Matching any character:
$ ls | grep '.*\...'
In this command, the dot (.) character matches any single character, and the asterisk (*) character matches zero or more of the previous character (in this case, any character).
The backslash (\) character is used to escape the dot and match it literally. The three dots at the end of the regular expression match the three-letter extension of the file.
Matching a specific character after a pattern:
$ grep 'color.' file.txt
In this command, the dot (.) character matches any single character, so the regular expression color. matches
- "colorful"
- "color2"
- "color_"
- ... and so on.
Matching a sequence of characters with a variable character in the middle
$ grep 'app.*store' file.txt
In this command, the dot (.) character matches any single character, and the asterisk (*) character matches zero or more of the previous character (in this case, any character).

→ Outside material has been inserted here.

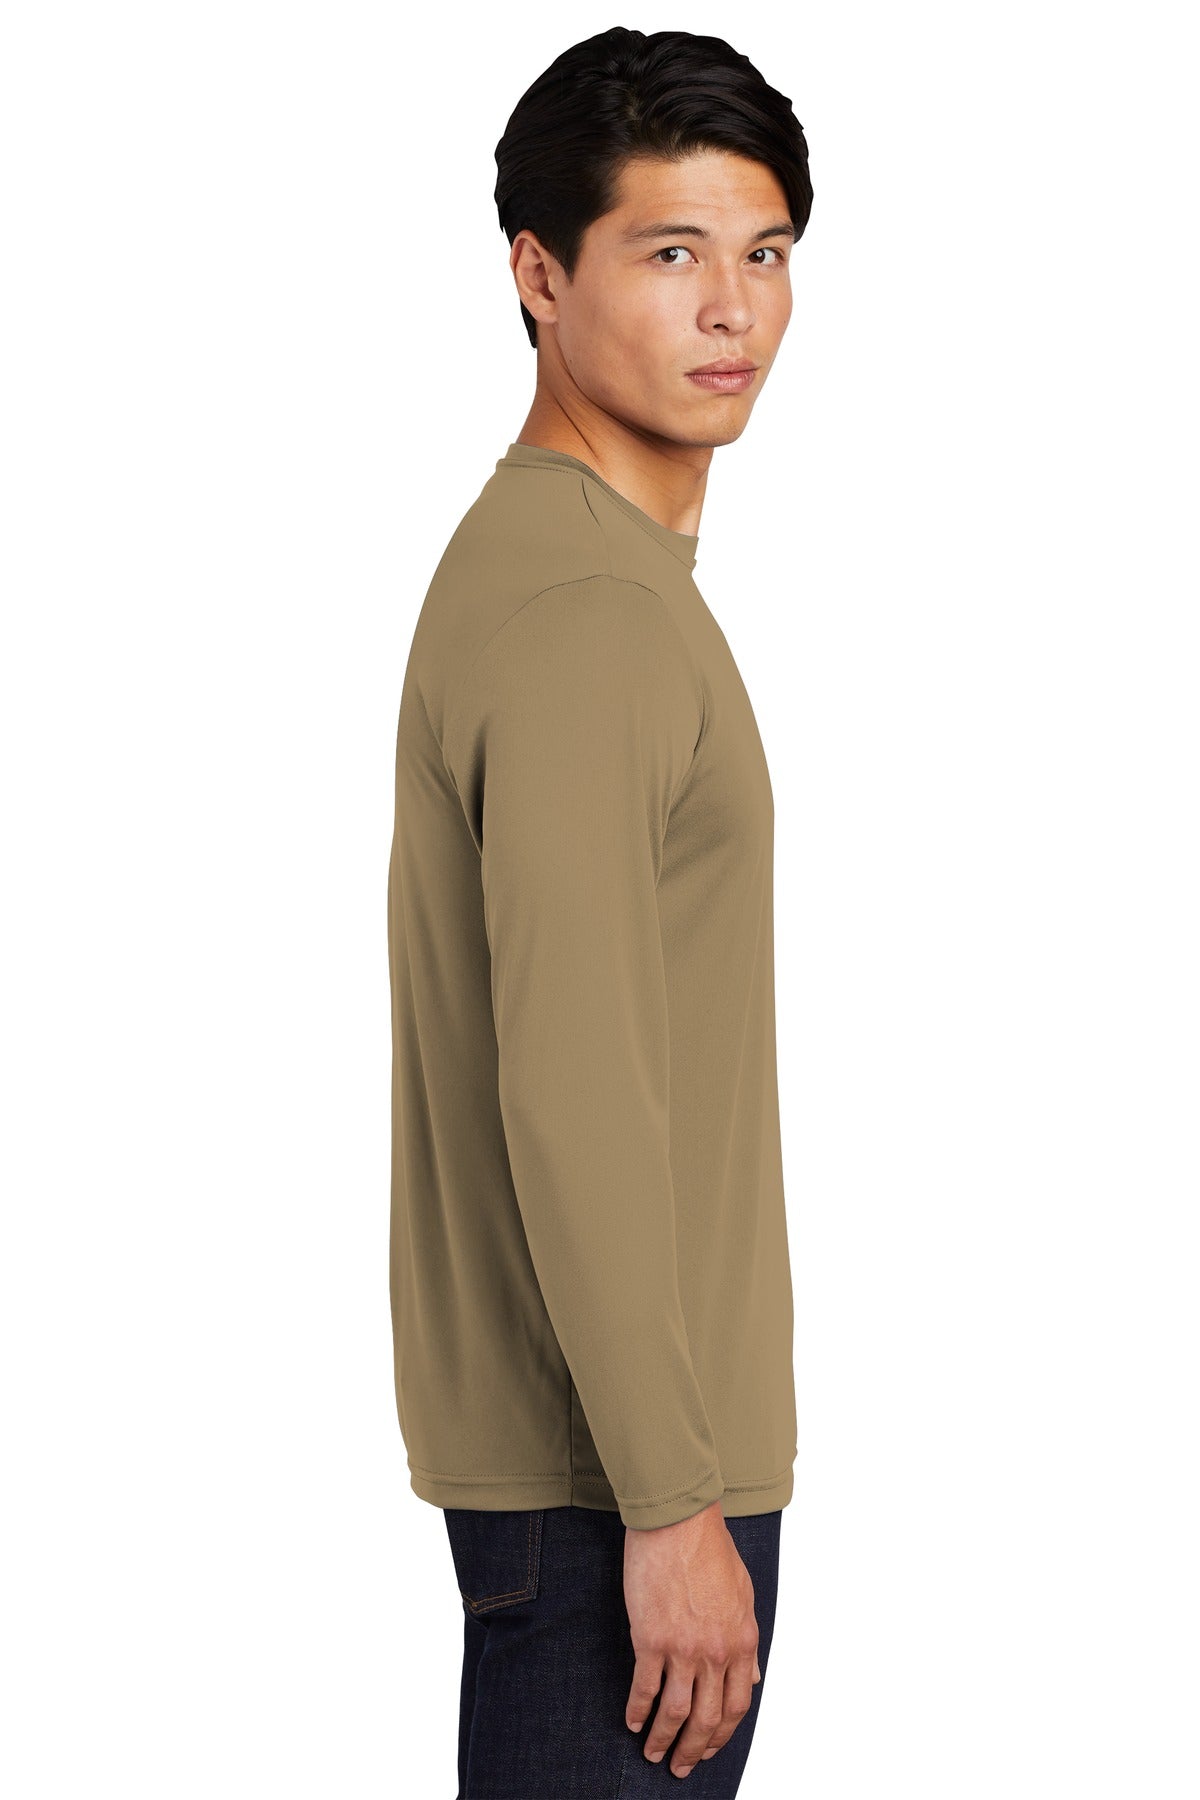 Sport-Tek® Long Sleeve PosiCharge® Competitor™ Tee. ST350LS [Coyote Brown] - DFW Impression

The regular expression app.*store matches
- "app store"
- "app-store"
- "app:store"
- ... and so on.
Matching a specific pattern with a variable number of characters
$ grep 'p.*t' file.txt
In this command, the dot (.) character matches any single character, and the asterisk (*) character matches zero or more of the previous character (in this case, any character). The regular expression p.*t matches
- "put"
- "pit"
- "port"
- "part"
- ... and so on.
Matching a specific pattern with a fixed number of characters:
$ grep 'c..t' file.txt
In this command, the two dot (.) characters match any single character, so the regular expression c..t matches
- "coat"
- "cart"
- "city"
- ... and so on
The asterisk (*) character
For example, the regular expression "a*" matches "a", "ab", "abb", "abbb", and so on.

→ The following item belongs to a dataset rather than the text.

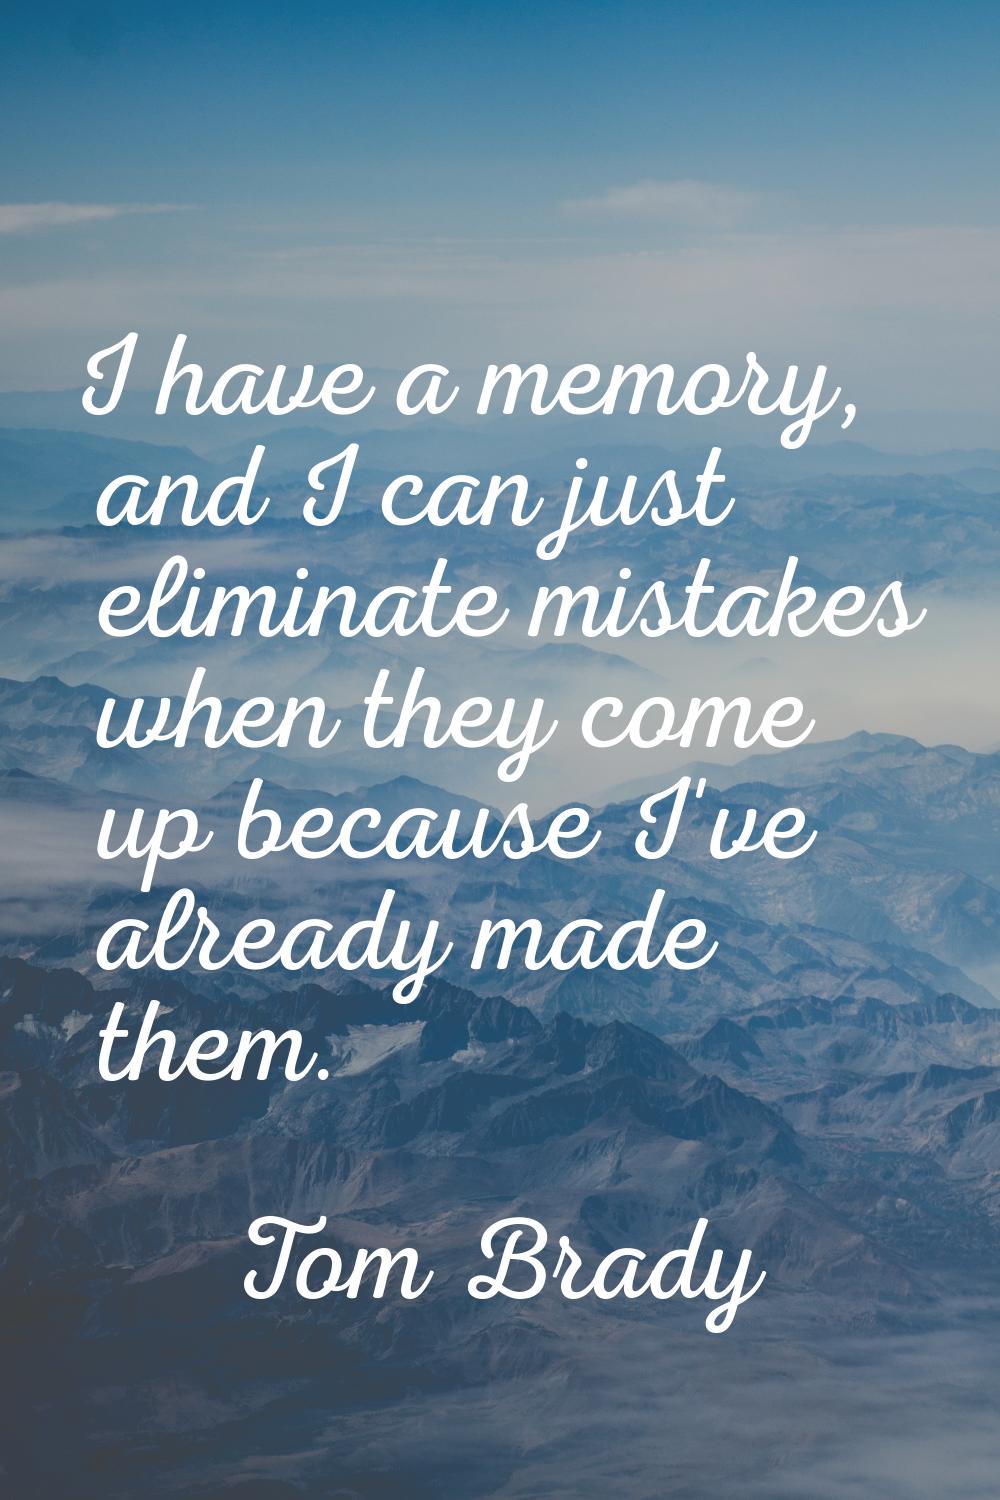 I have a memory, and I can just eliminate mistakes when they come up because I've already made them

Matching any number of characters
$ ls | grep 'file.*'
In this command, the dot (.) character matches any single character, and the asterisk (*) character matches zero or more of the previous character (in this case, any character). The regular expression file.* matches
- "file.txt"
- "file.doc"
- "file.html"
- ... and so on.
Matching any string of characters
$ grep 'color.*' file.txt
In this command, the dot (.) character matches any single character, and the asterisk (*) character matches zero or more of the previous character (in this case, any character). The regular expression color.* matches
- "colorful"
- "color2"
- "color_"
- "colorless"
- "colorfulnes"
- ... and so on.
Matching zero or more occurrences of a character
$ grep 'red.*blue' file.txt
In this command, the dot (.) character matches any single character, and the asterisk (*) character matches zero or more of the previous character (in this case, any character). The regular expression red.*blue matches
- "redblue"
- "red:blue"
- "red and blue"
- "red-green-blue"
- ... and so on.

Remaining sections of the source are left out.